Exercise instructions: Every line from the line containing "in bronzo dorato, colonna con busto e&hellip;" through the end of the data is to be reproduced exactly, excluding pictures.
################
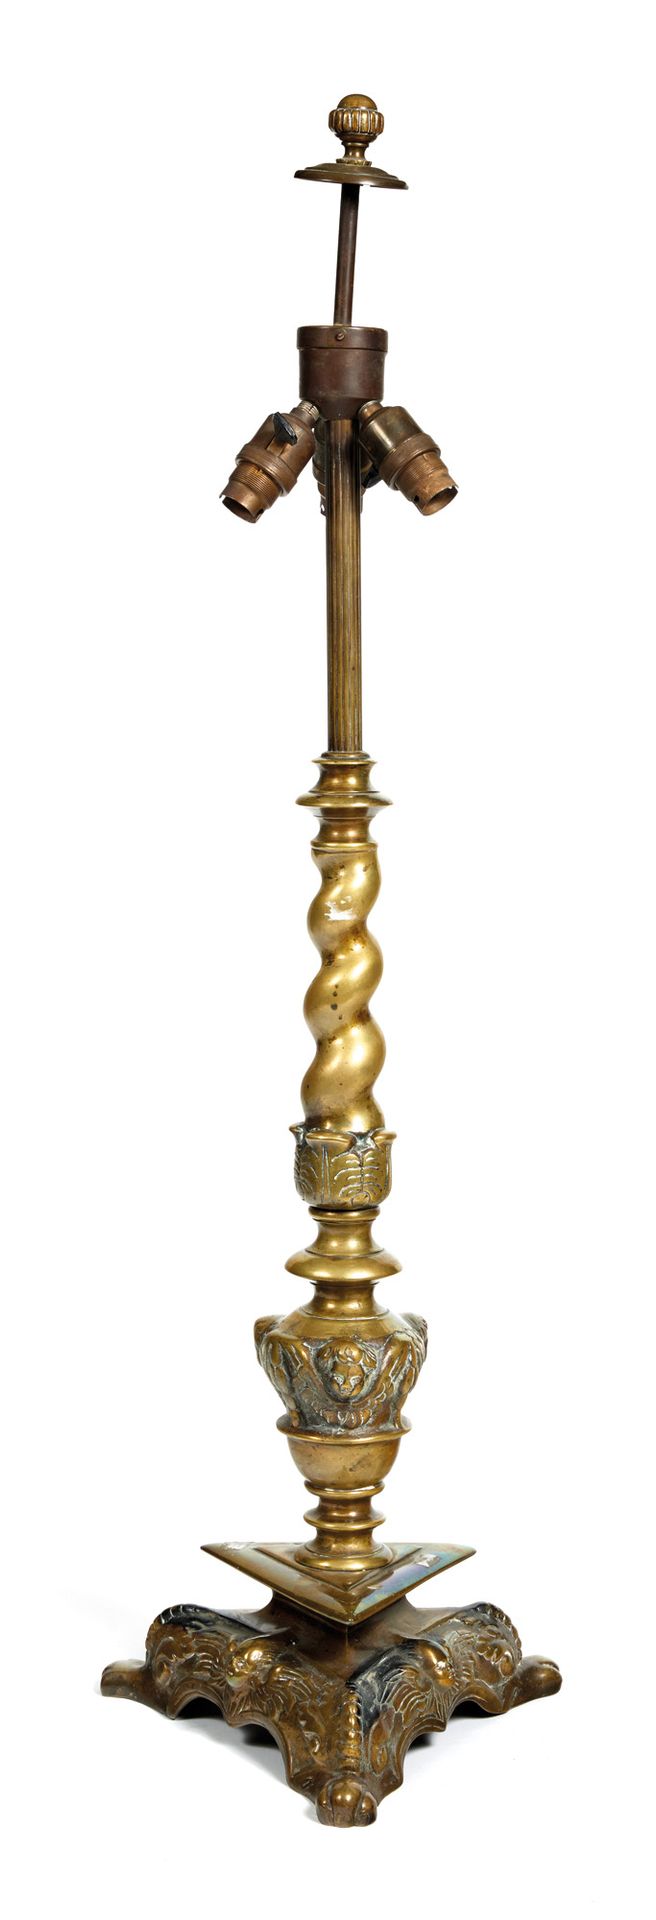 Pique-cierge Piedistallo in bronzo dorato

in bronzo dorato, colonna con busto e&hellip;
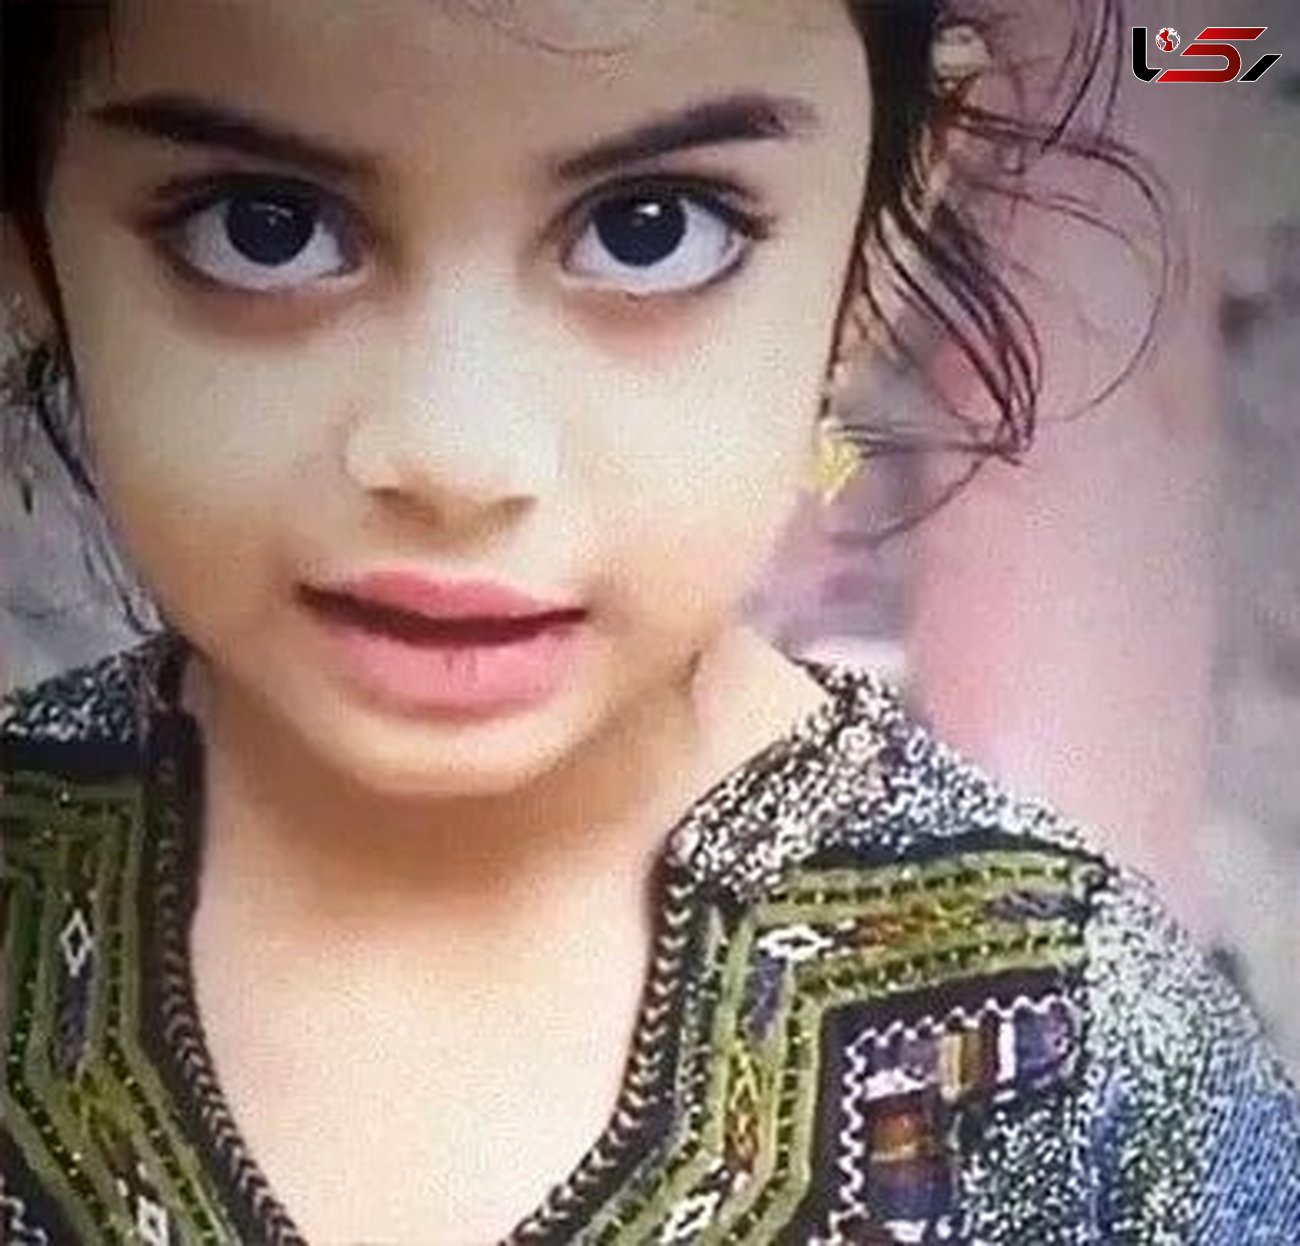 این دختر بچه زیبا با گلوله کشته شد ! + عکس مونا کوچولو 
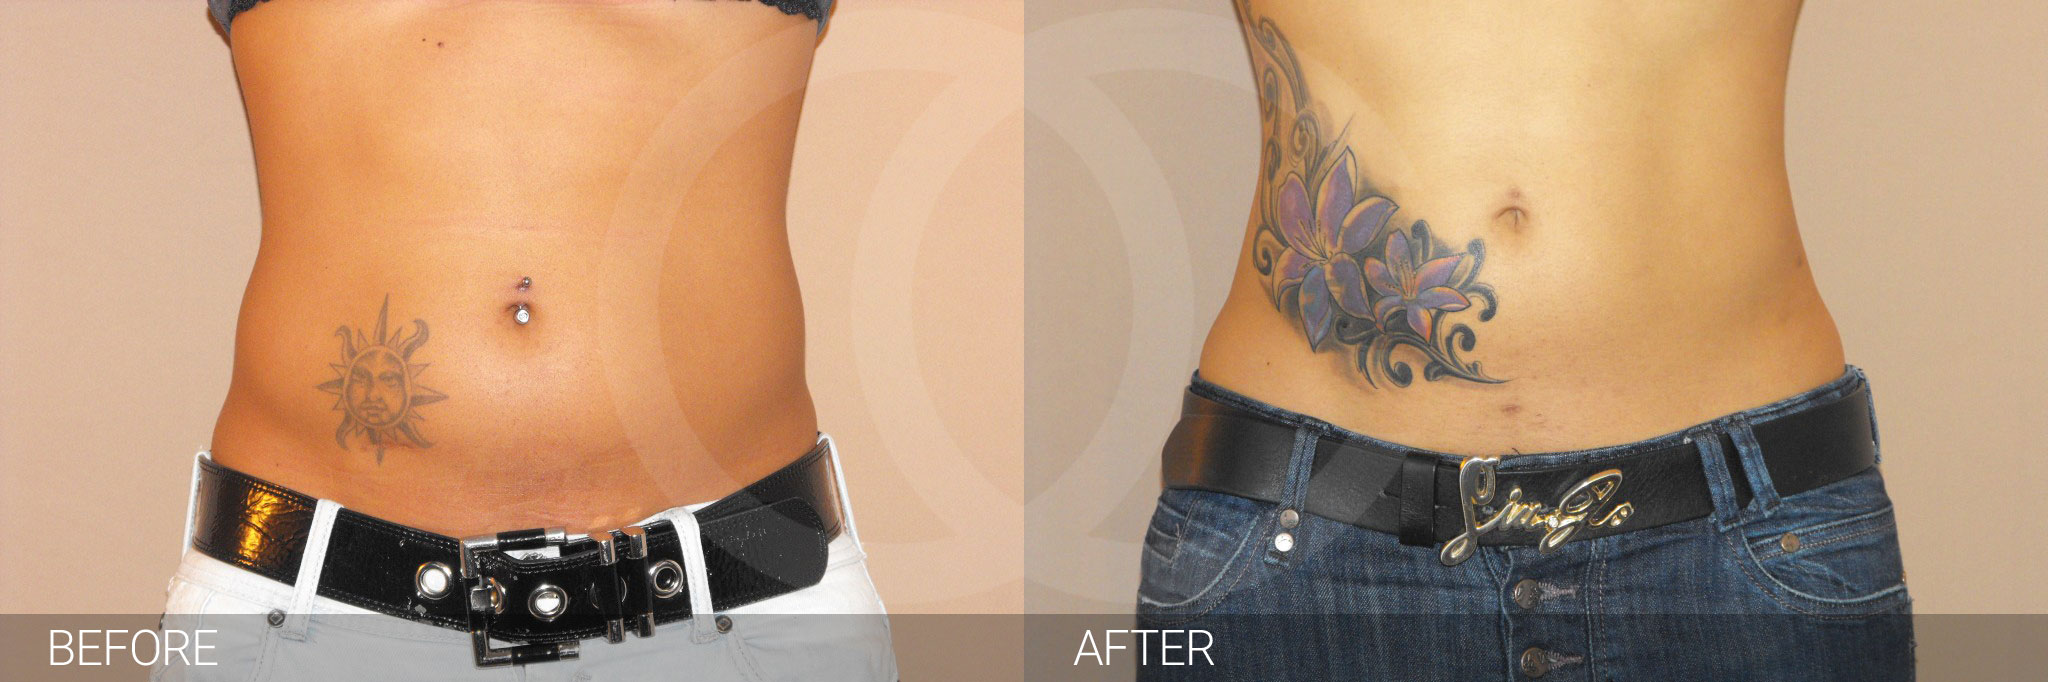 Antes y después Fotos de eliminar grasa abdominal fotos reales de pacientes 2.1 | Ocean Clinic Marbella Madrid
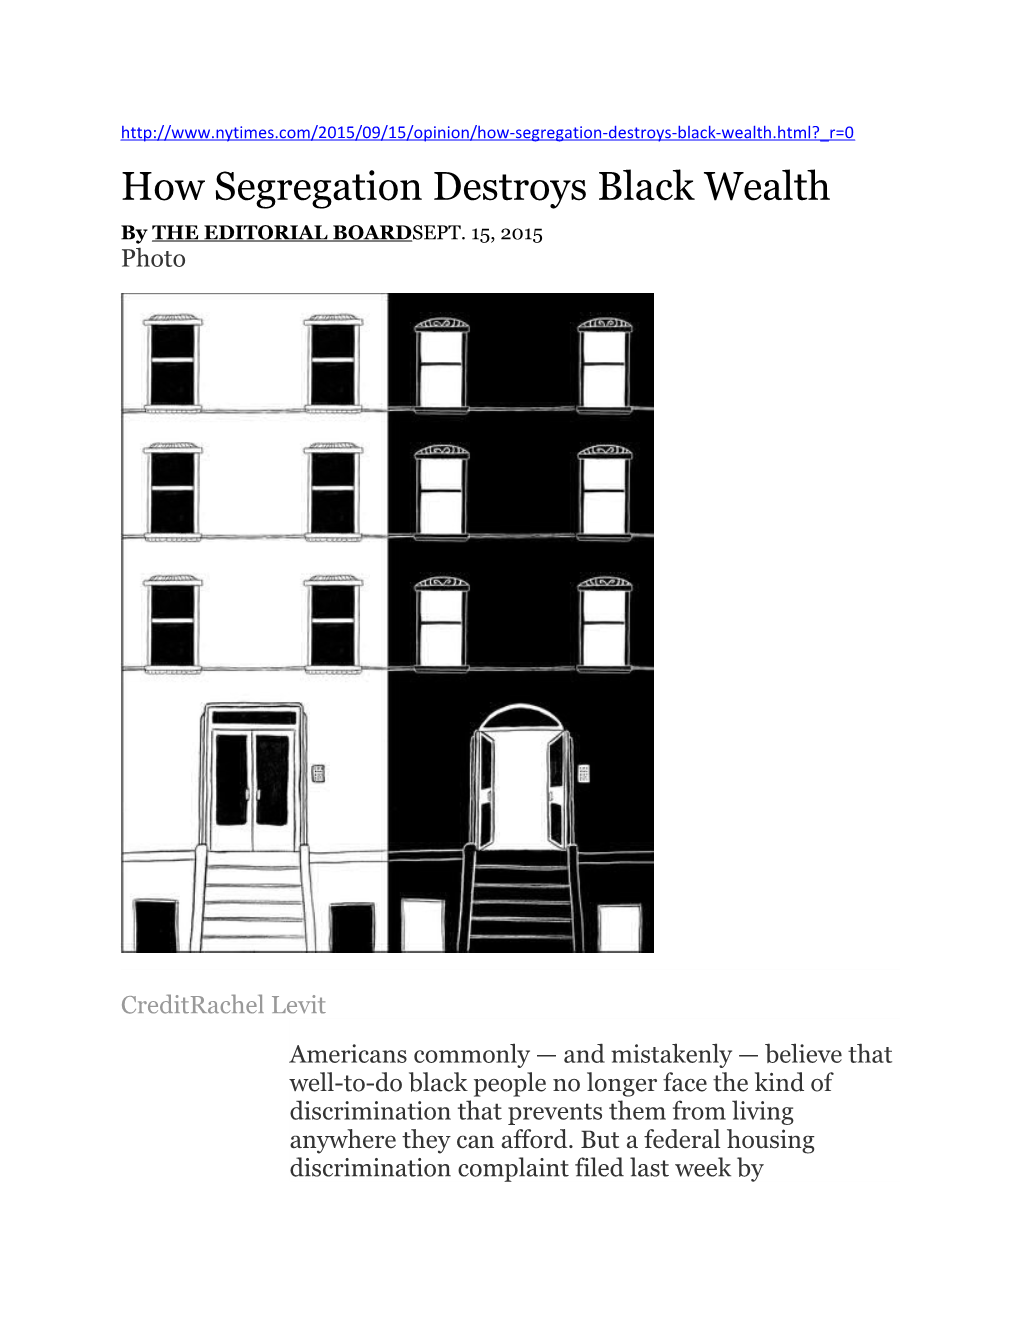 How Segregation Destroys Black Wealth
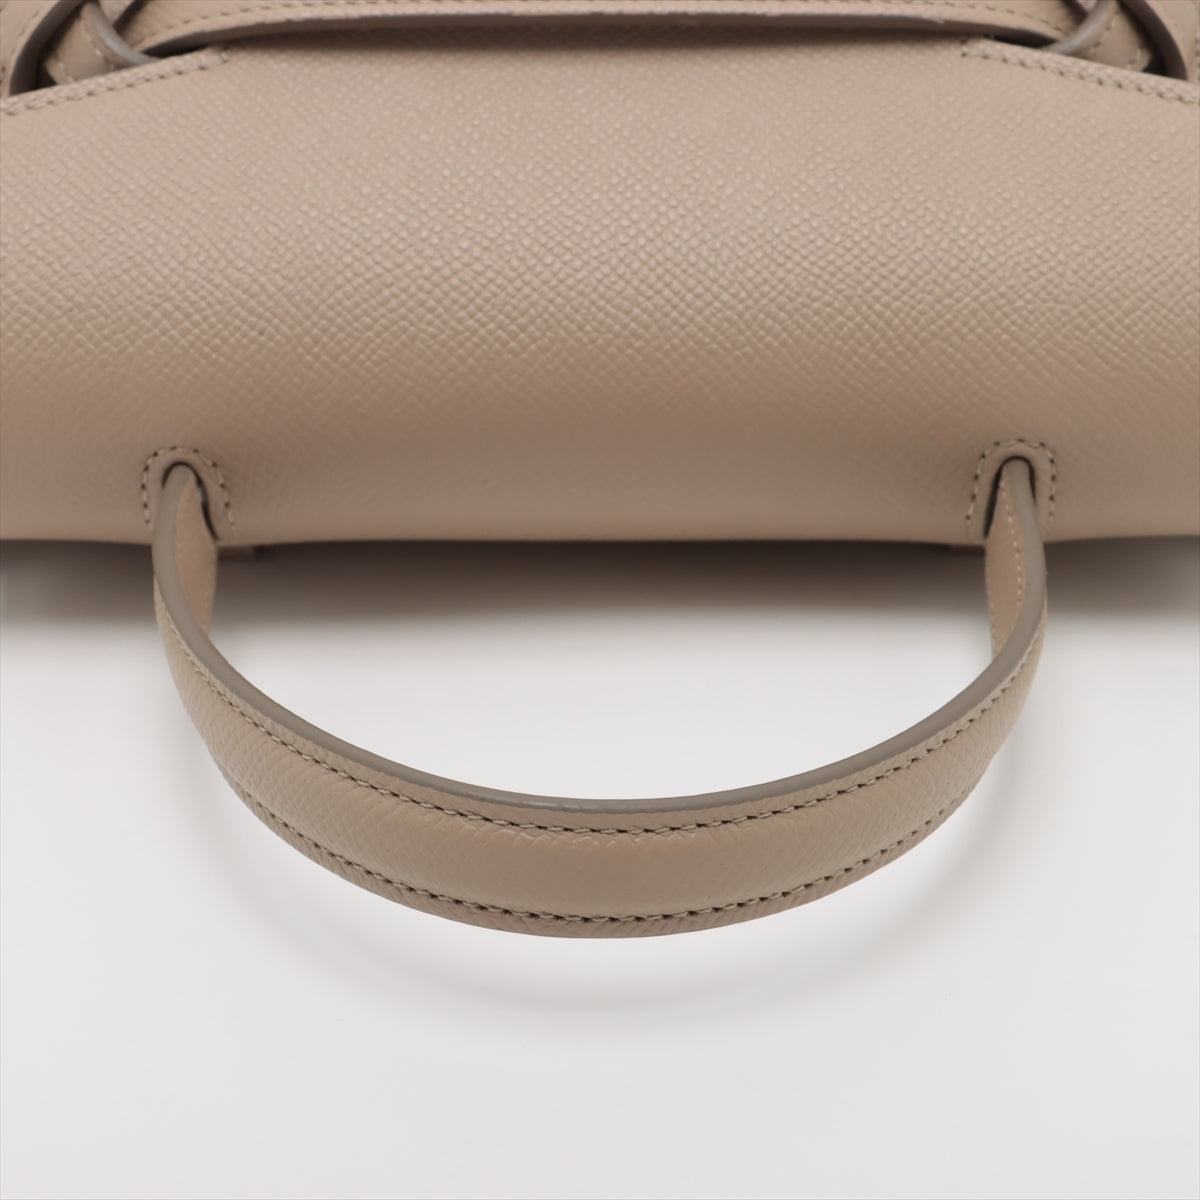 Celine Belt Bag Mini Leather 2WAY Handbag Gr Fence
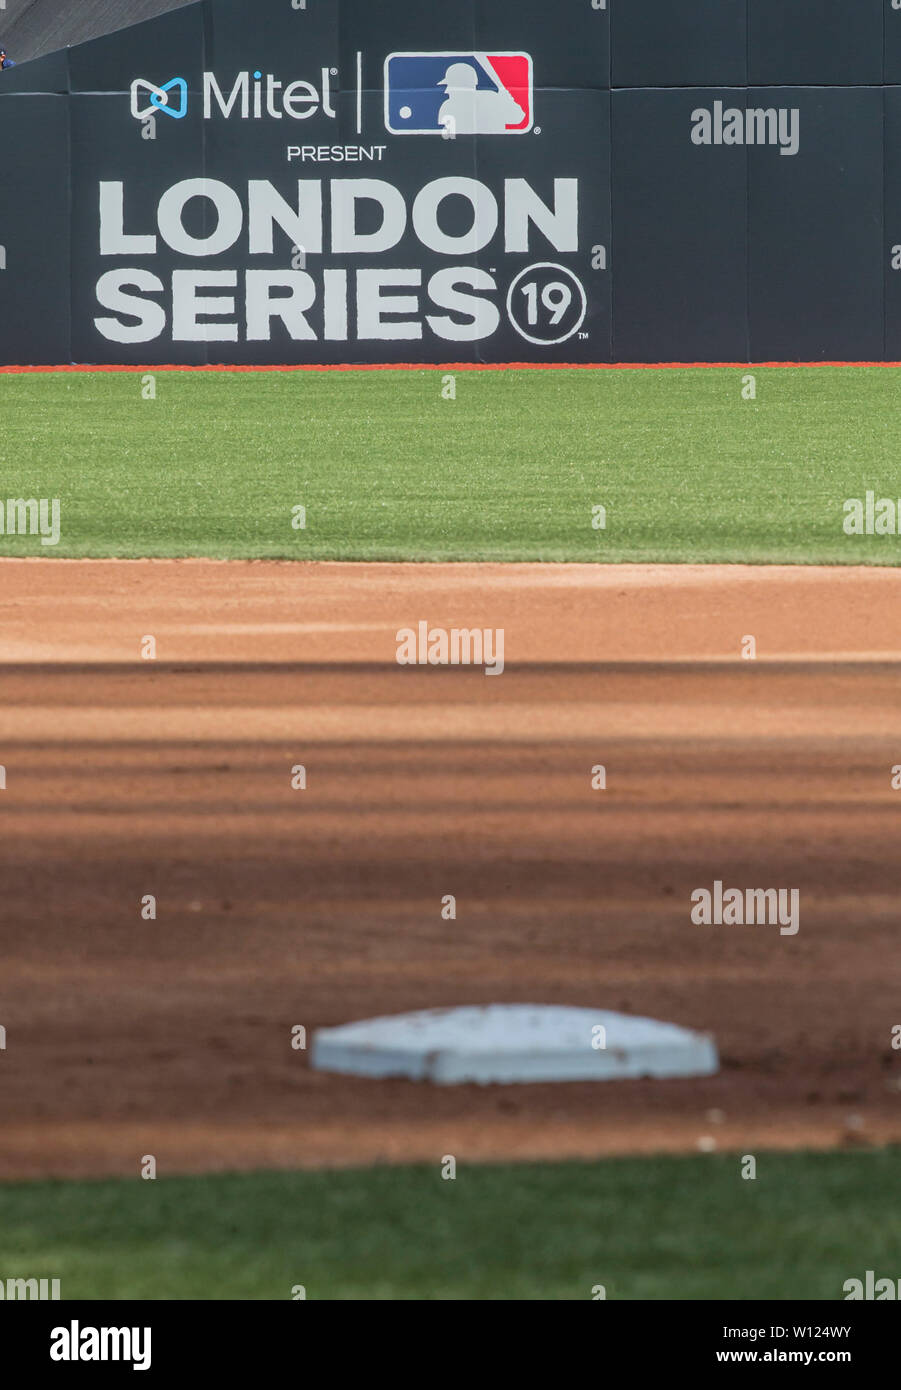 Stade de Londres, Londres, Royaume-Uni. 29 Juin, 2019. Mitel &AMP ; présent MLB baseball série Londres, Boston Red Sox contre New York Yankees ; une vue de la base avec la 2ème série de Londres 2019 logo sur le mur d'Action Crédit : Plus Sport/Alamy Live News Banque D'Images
################
Solution:
in bronzo dorato, colonna con busto e&hellip;
 این دختر بچه زیبا با گلوله کشته شد ! + عکس مونا کوچولو 
 Antes y después Fotos de eliminar grasa abdominal fotos reales de pacientes 2.1 | Ocean Clinic Marbella Madrid
 How Segregation Destroys Black Wealth
 Celine Belt Bag Mini Leather 2WAY Handbag Gr Fence
 Stade de Londres, Londres, Royaume-Uni. 29 Juin, 2019. Mitel &AMP ; présent MLB baseball série Londres, Boston Red Sox contre New York Yankees ; une vue de la base avec la 2ème série de Londres 2019 logo sur le mur d'Action Crédit : Plus Sport/Alamy Live News Banque D'Images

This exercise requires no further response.